_DATA PROVIDED_.
________________________________________

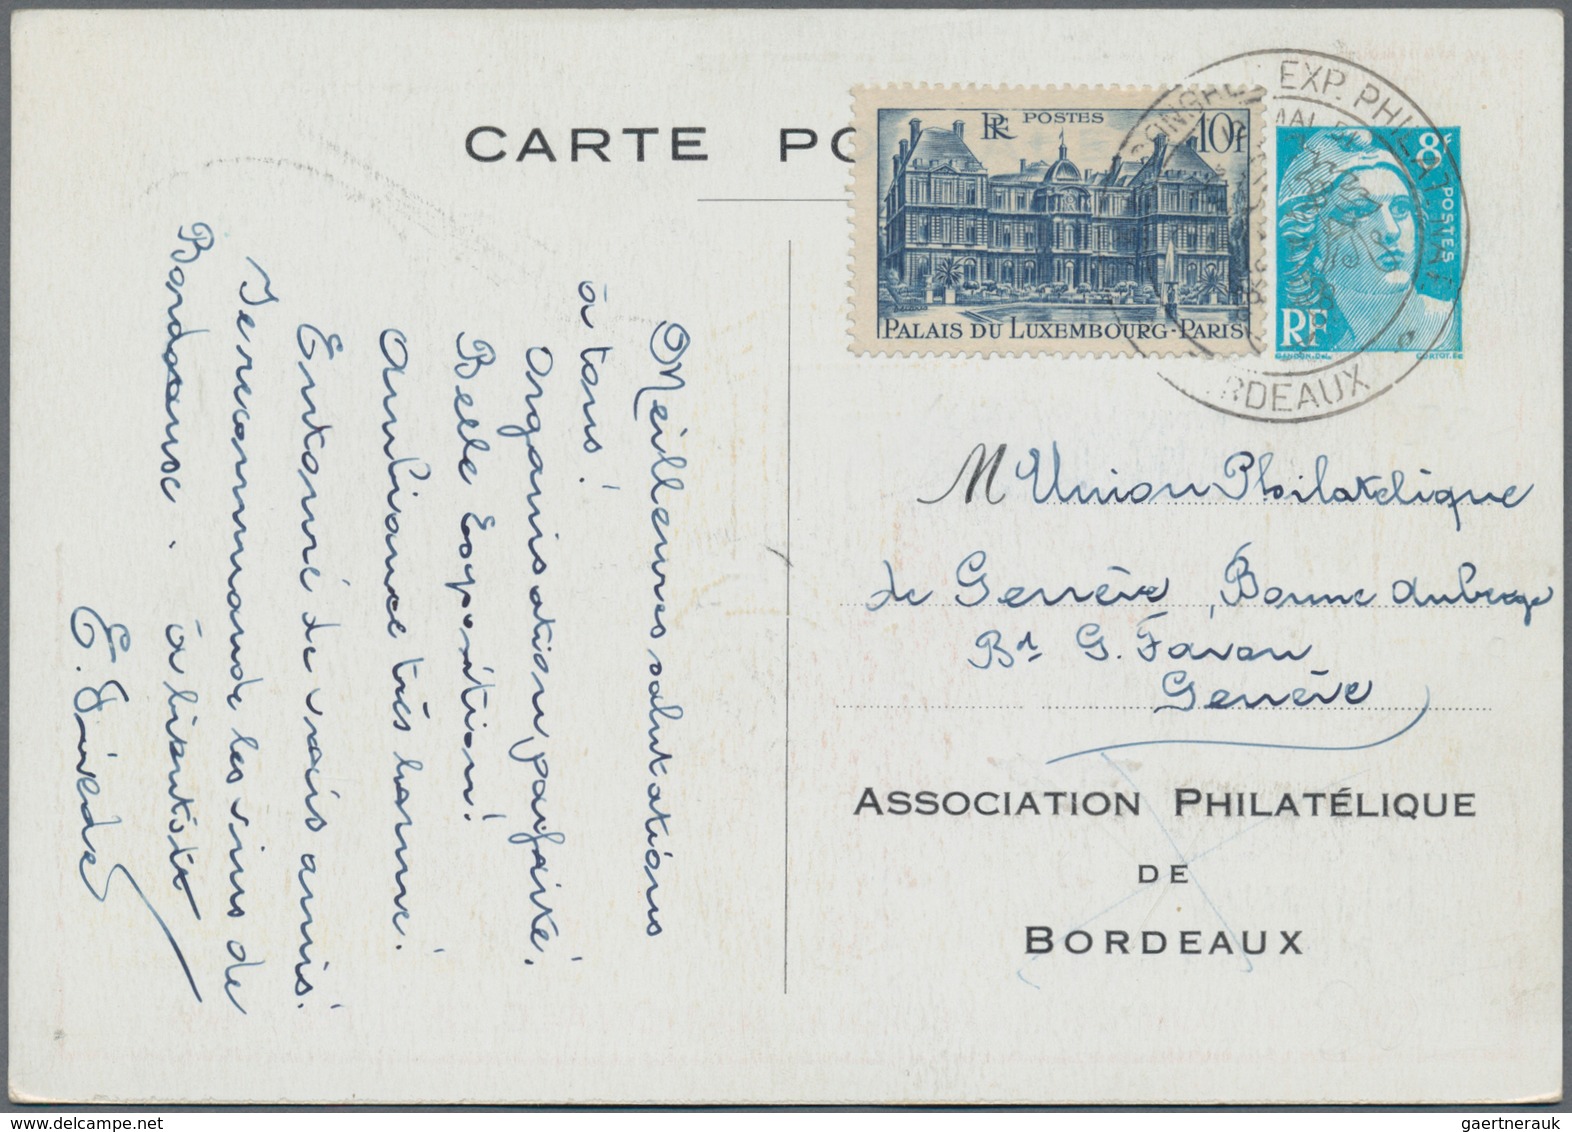 Frankreich: 1852/1940 accumulation of ca. 290 letters (mostly classic until 1875), cards and postal
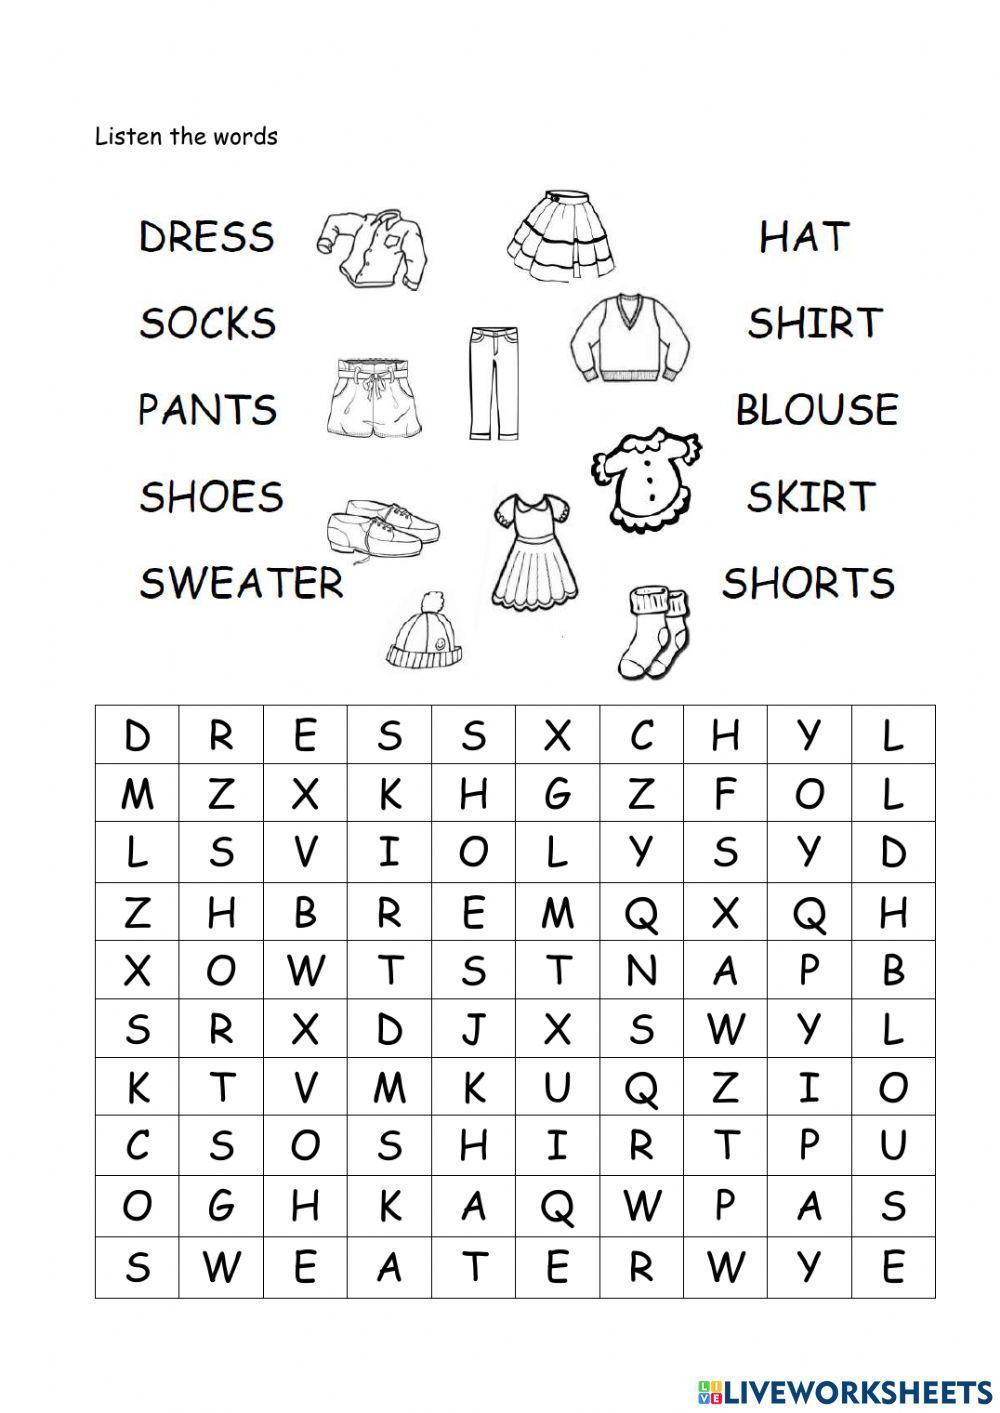 Clothes' wordsearch
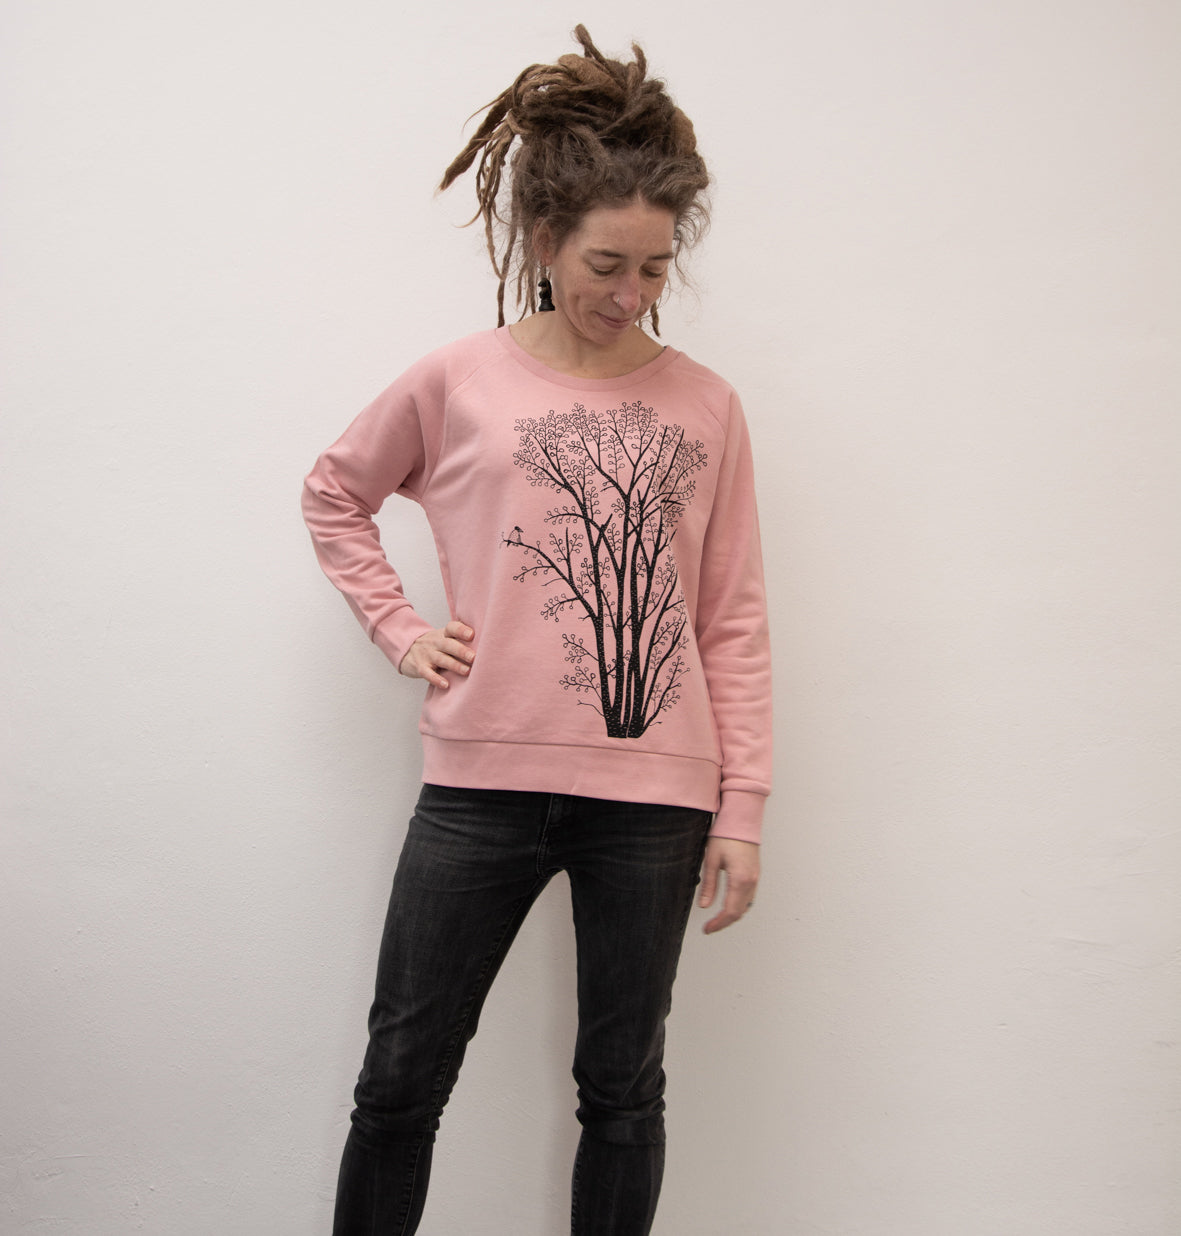 kleinserie Erle mit Elster Pulli in canyon pink S-XL

________________________________________

_WORK INSTRUCTIONS_.
Reproduce the lines above exactly, please, but not the pictures in them.

_YOUR RESPONSE_.
 Frankreich: 1852/1940 accumulation of ca. 290 letters (mostly classic until 1875), cards and postal
 Clothes' wordsearch
 kleinserie Erle mit Elster Pulli in canyon pink S-XL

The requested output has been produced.